Friday, December 24, 2010

jSuneido Compiler Optimizations

For my own reference, and to justify my month of work, I thought I'd go over some of the optimizations I've done recently. The changes involve:
  • how functions/methods/blocks are compiled
  • how calls are compiled
  • the run-time support code e.g. in Ops, SuValue, SuClass, SuInstance, etc.
My original scheme was that arguments were passed in an array i.e. in the style of Java's variable arguments. For simplicity additional local variables were also stored in this array. This had a nice side benefit that the array could be used to capture the local variables for blocks (aka closures).

The downside is that every call had to allocate an argument array, and often re-allocate it to accommodate default arguments or local variables. And access to variables requires larger and presumably slower code. (ALOAD, ICONST, AALOAD/STORE instead of just ALOAD/STORE)

To keep the calling code smaller I was generating calls via helper functions (with variations for 1 to 9 arguments) that built the argument array. One drawback of this approach is that it added another level to the call stack. This can impede optimization since the Hotspot JVM only in-lines a limited depth.

The first step was to compile with Java arguments and locals for functions (and methods) that did not use blocks.

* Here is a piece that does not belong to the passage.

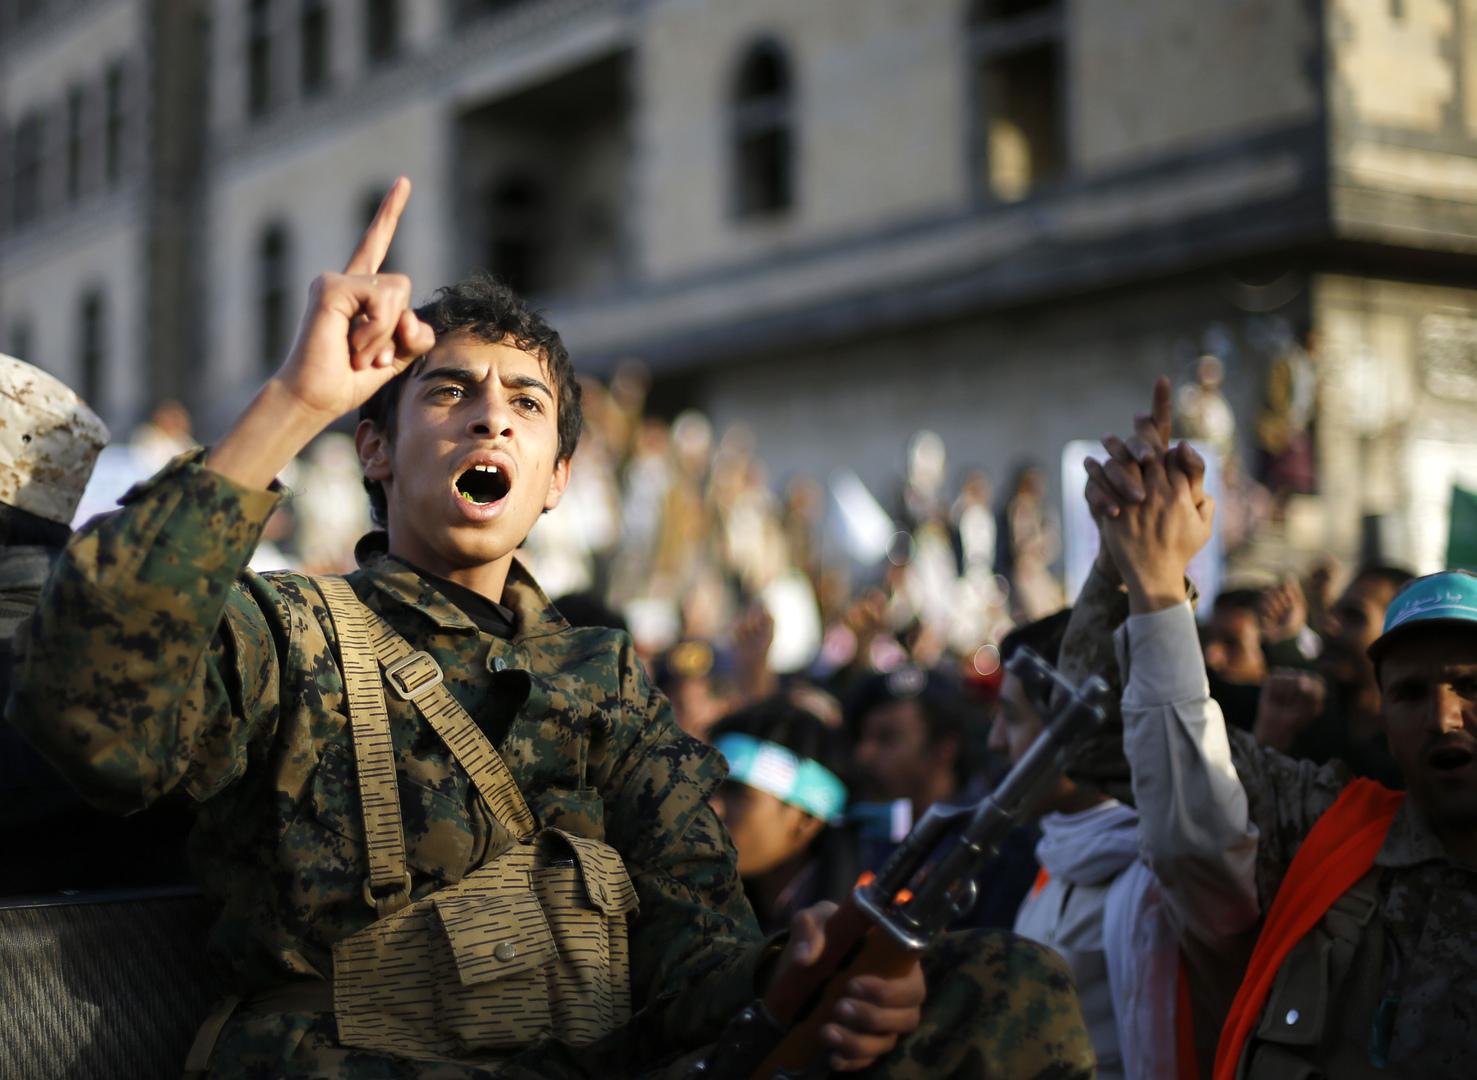 الحوثيون: مجلس الأمن يتحمل المسؤولية الكاملة عما آلت إليه الأمور في اليمن
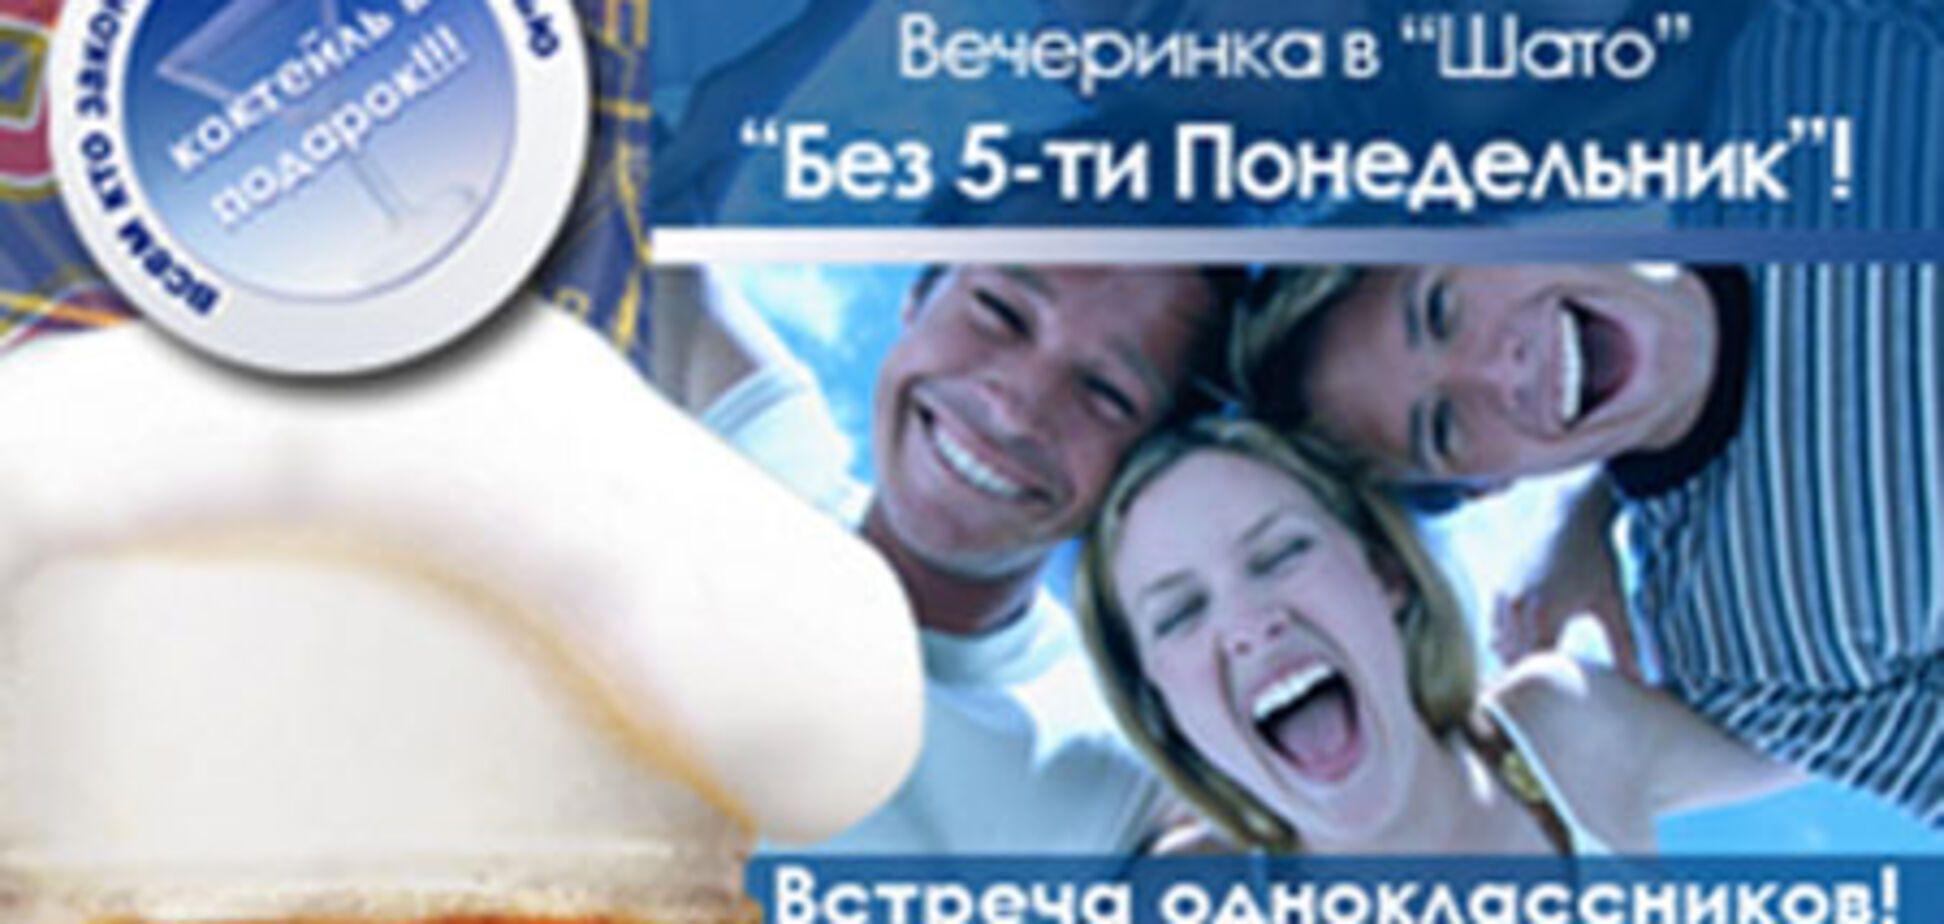 Вечеринка в «ШАТО» «Без 5-ти понедельник!»

Then I realized that if a block didn't share any variables with its containing scope, it could be compiled as a standalone function. Which is nice because blocks require allocating a new instance of the block for each instantiation, whereas standalone functions don't since they are "static". And it meant that the outer function could then be compiled without the argument array. Determing if a function shares variables with blocks is a little tricky e.g. you have to ignore block parameters, except when you have nested blocks and an inner block references an outer blocks parameter. See AstSharesVars

Where I still needed the argument array I changed the calling code to build it in-line, without a helper function. This is what the Java compiler does with varargs calls. Generating code that is similar to what javac produces is a good idea because the JVM JIT compiler is tuned for that kind of code.

One of the complications of a dynamic language is that when you're compiling a call you don't know anything about what you'll end up calling.

On top of this, Suneido allows "fancier" argument passing and receiving than Java. This means there can be mismatches where a call is "simple" and the function is "fancy", or where the call is "fancy" and the function is simple. So there needs to be adapter functions to handle this. But you still want a "simple" call to a "simple" function to be direct.

Each Suneido function/method is compiled into a Java class that has Java methods for simple calls and fancy calls. If the Suneido function/method is simple, then it implements the simple method and the fancy method is an adapter (that pulls arguments out of a varargs array). (for example, see SuFunction2, the base class for two argument functions) If the Suneido function/method is fancy, then it implements the fancy method and the simple method is an adapter (that builds an argument array).

In cSuneido, all values derive from SuValue and you can simply call virtual methods. But jSuneido uses native types e.g. for strings and numbers. (To avoid the overhead of wrappers.) So you need something between calls and implementations that uses "companion" objects for methods on Java native types. For example, Ops.eval2 (simple method calls with two arguments) looks like:

Object eval2(Object x, Object method, Object arg1, Object arg2) {
    return target(x).lookup(method).eval2(x, arg1, arg2);

For SuValue's (which have a lookup method) target simply returns x. For Java native types it returns a companion object (which has a lookup method). lookup then returns the method object.

One issue I ran into is that now I'm using actual Java locals, the code has to pass the Java verifier's checking for possibly uninitialized variables. I ran into a bunch of our Suneido code that wouldn't compile because of this. In some cases the code was correct - the variable would always be initialized, but the logic was too complex for the verifier to confirm it. In other cases the code was just plain wrong, but only in obscure cases that probably never got used. I could have generated code to initialize every variable to satisfy the verifier, but it was easier just to "fix" our Suneido code.

The "fast path" is now quite direct, and doesn't involve too deep a call stack so the JIT compiler should be able to in-line it.

The remaining slow down over Java comes from method lookup and from using "boxed" integers (i.e. Integer instead of int). The usual optimization for method lookup is call site caching. I could roll my own, but it probably makes more sense to wait for JSR 292 in Java 7. Currently, there's not much you can do about having to use boxed integers in a dynamic language. Within functions it would be possible to recognize that a variable was only ever an int and generate code based on that. I'm not sure it's worth it - Suneido code doesn't usually do a lot of integer calculations. It's much more likely to be limited by database speed.